A Copa dos Estados Unidos viria a ser o seu segundo Mundial. Em 1990, na Itália, viu contundido do banco de reservas o fiasco do selecionado de Sebastião Lazaroni.

Também por contusão foi cortado do terceiro, na França, às vésperas da estréia. Por mais que prometesse se recuperar a tempo, Romário não teve chance. Voltou para o Rio de Janeiro e trabalhou como comentarista de uma rede de televisão durante o torneio.

A pergunta jamais vai calar: "E se ele estivesse naquela decisão contra os franceses? O Brasil teria voltado para casa sem o Penta?" Amado por muitos, odiado por poucos, Romário é unanimidade entre quem realmente entende de bola.

Perguntado se o Baixinho teria uma camisa de titular no fabuloso time que venceu a Copa do México, em 1970, o ex-ponta de lança Tostão foi definitivo: "Eu dava a minha para ele".

Em 2000 teve um dos melhores anos de sua carreira ao marcar 67 gols somente com a camisa do Vasco, que lhe permitiram quebrar um recorde histórico de Roberto Dinamite, até então o maior goleador do clube em uma temporada (62 gols em 81).

Com a crise técnica por qual passava a Seleção, o Baixinho voltou a ser convocado para os jogos da equipe nas Eliminatórias da Copa.
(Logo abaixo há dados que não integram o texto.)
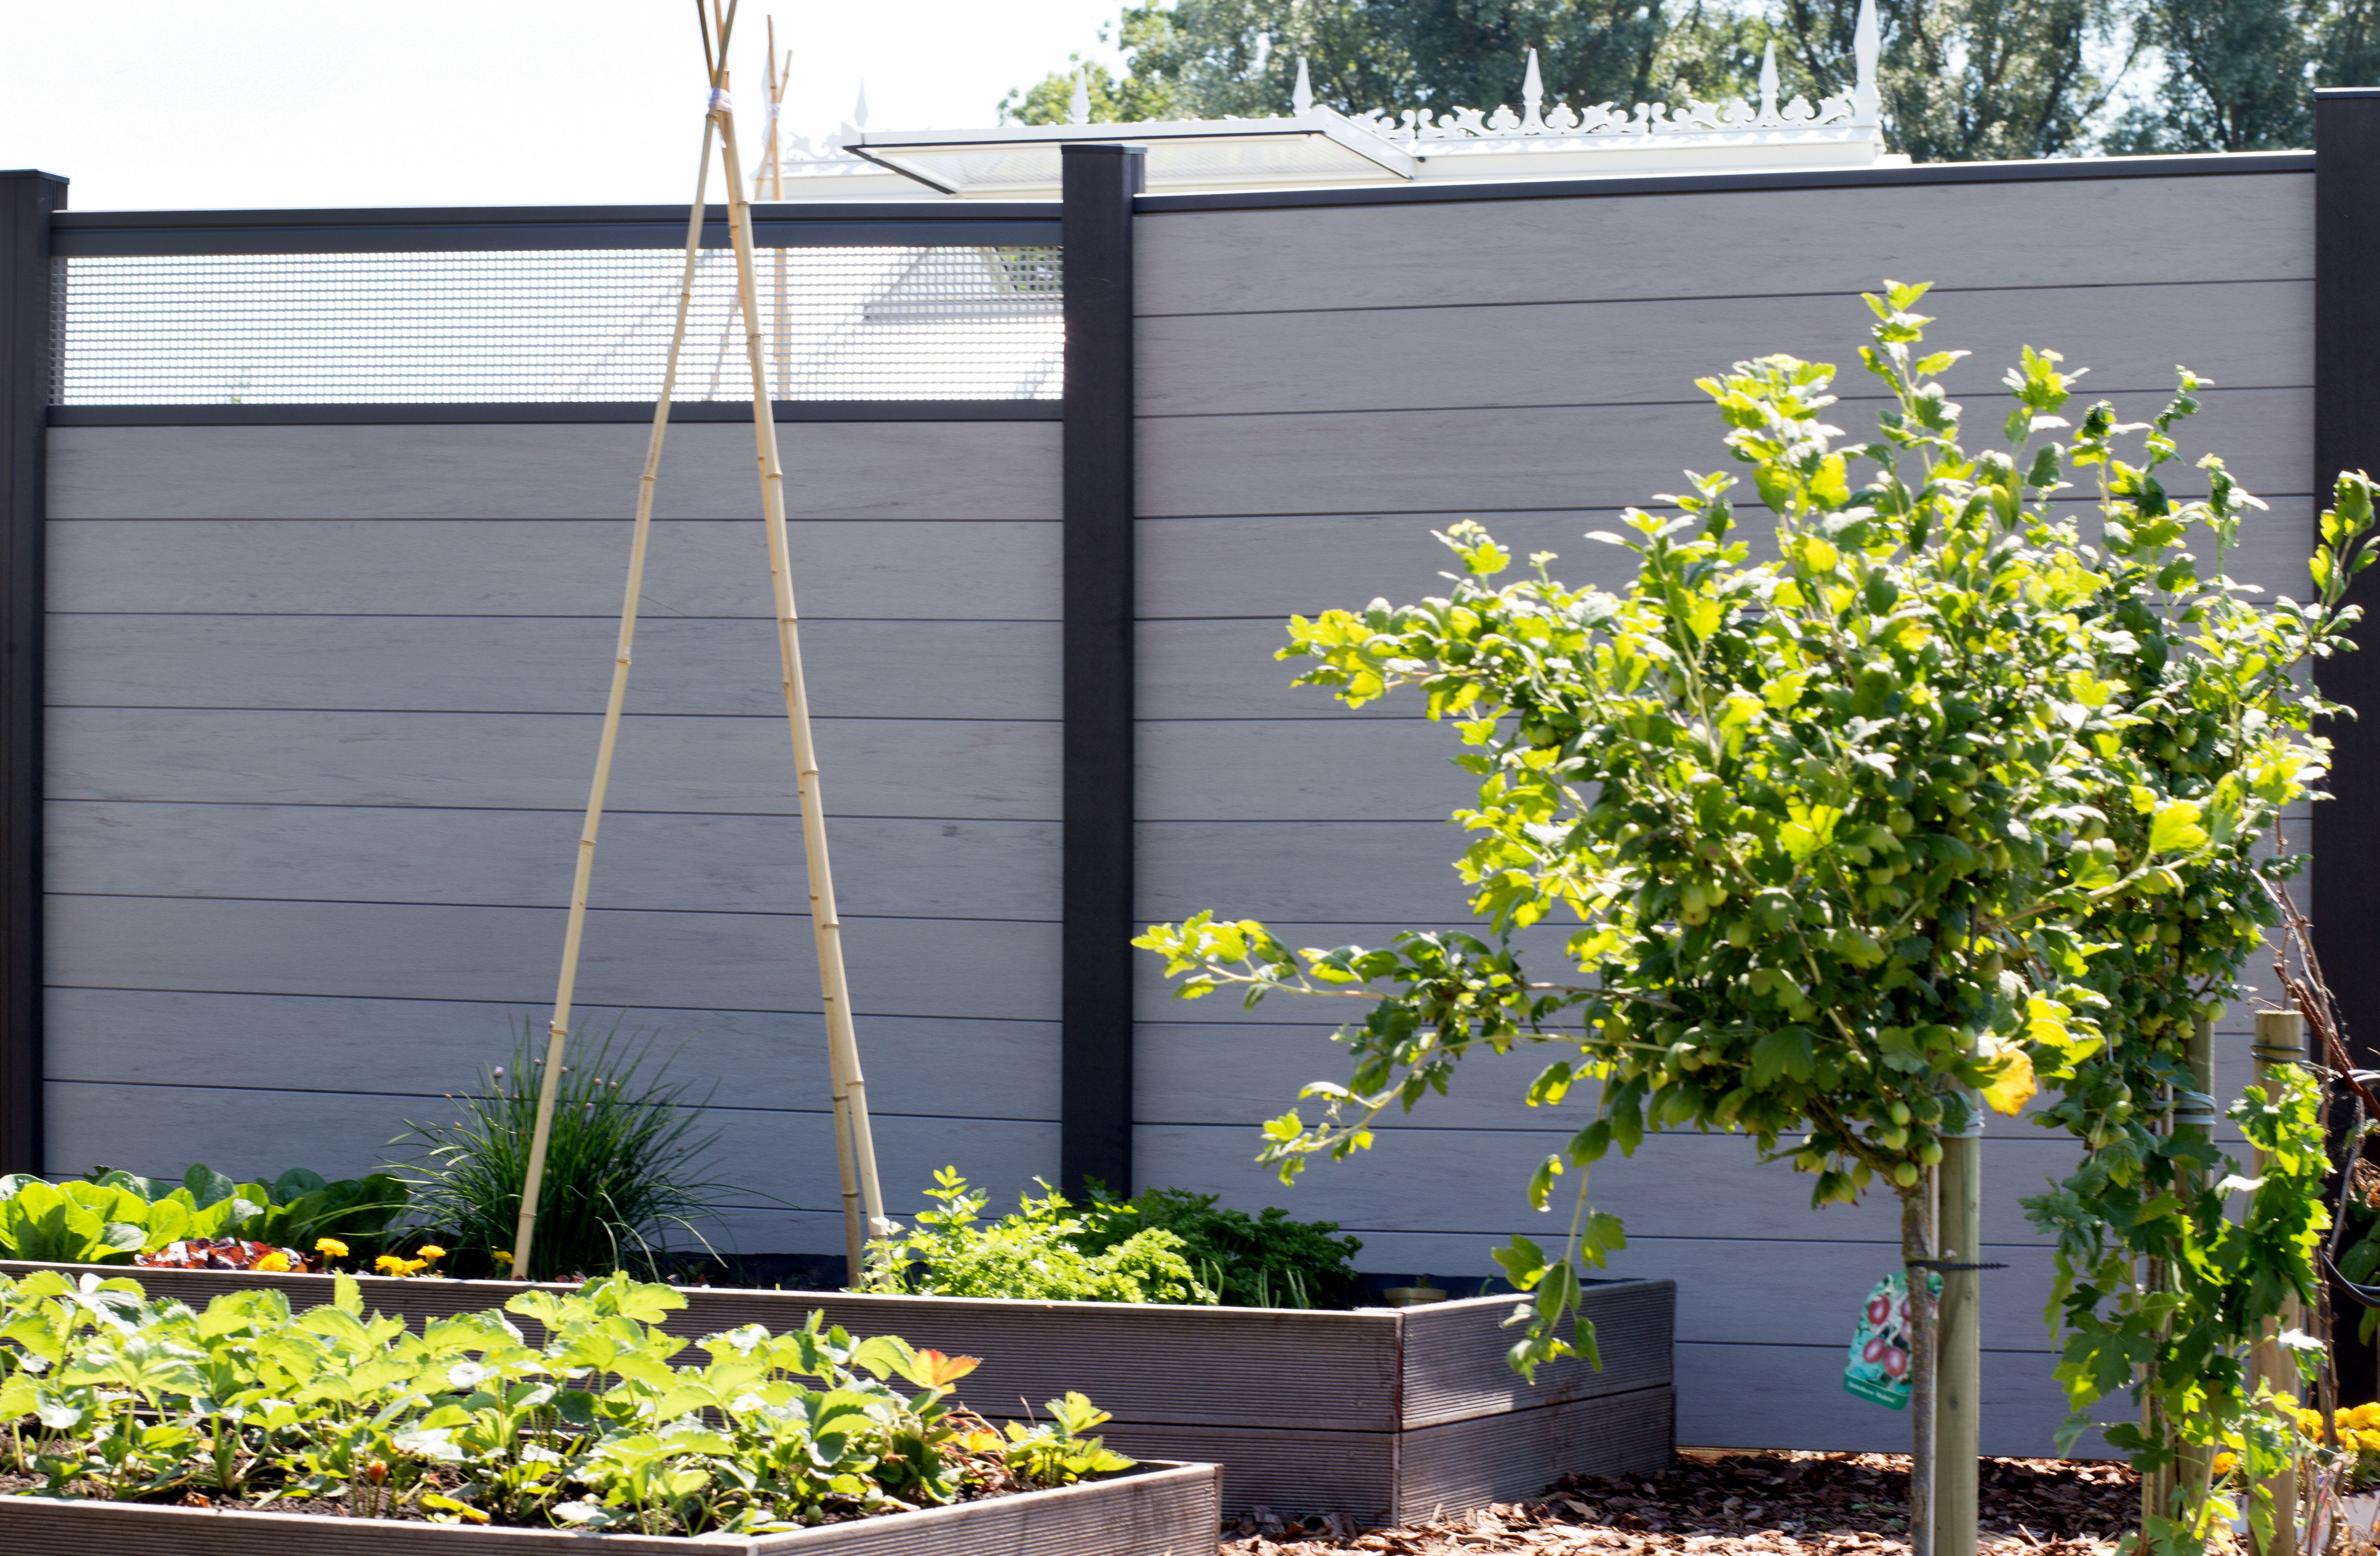 Bpc Zaun Stecksystem Solid 180 X 180 X 1 9 Cm Lochblech Einsatz 30 Cm Ohne Pfosten Farbe Wahlweise Gartenzaun Kunststoff Wpc Glas Zaune Newgarden

Logo em seu primeiro jogo, contra a Bolívia, no Maracanã, em setembro de 2000, marcou três gols na vitória por 5 x 0. Porém ficou sabendo nessa mesma semana que o técnico Wanderley Luxemburgo havia vetado a sua participação na Olimpíada de Sydney.

Romário continuou com prestígio na Seleção mesmo após a demissão de Luxemburgo e a chegada de Émerson Leão ao time. Porém a situação começou a mudar quando Luiz Felipe Scolari foi escolhido para assumir a equipe. Inicialmente, Felipão cogitou manter o "Baixinho" na equipe. Mas mudou de idéia quando Romário pediu dispensa da Copa América da Colômbia, em 2001.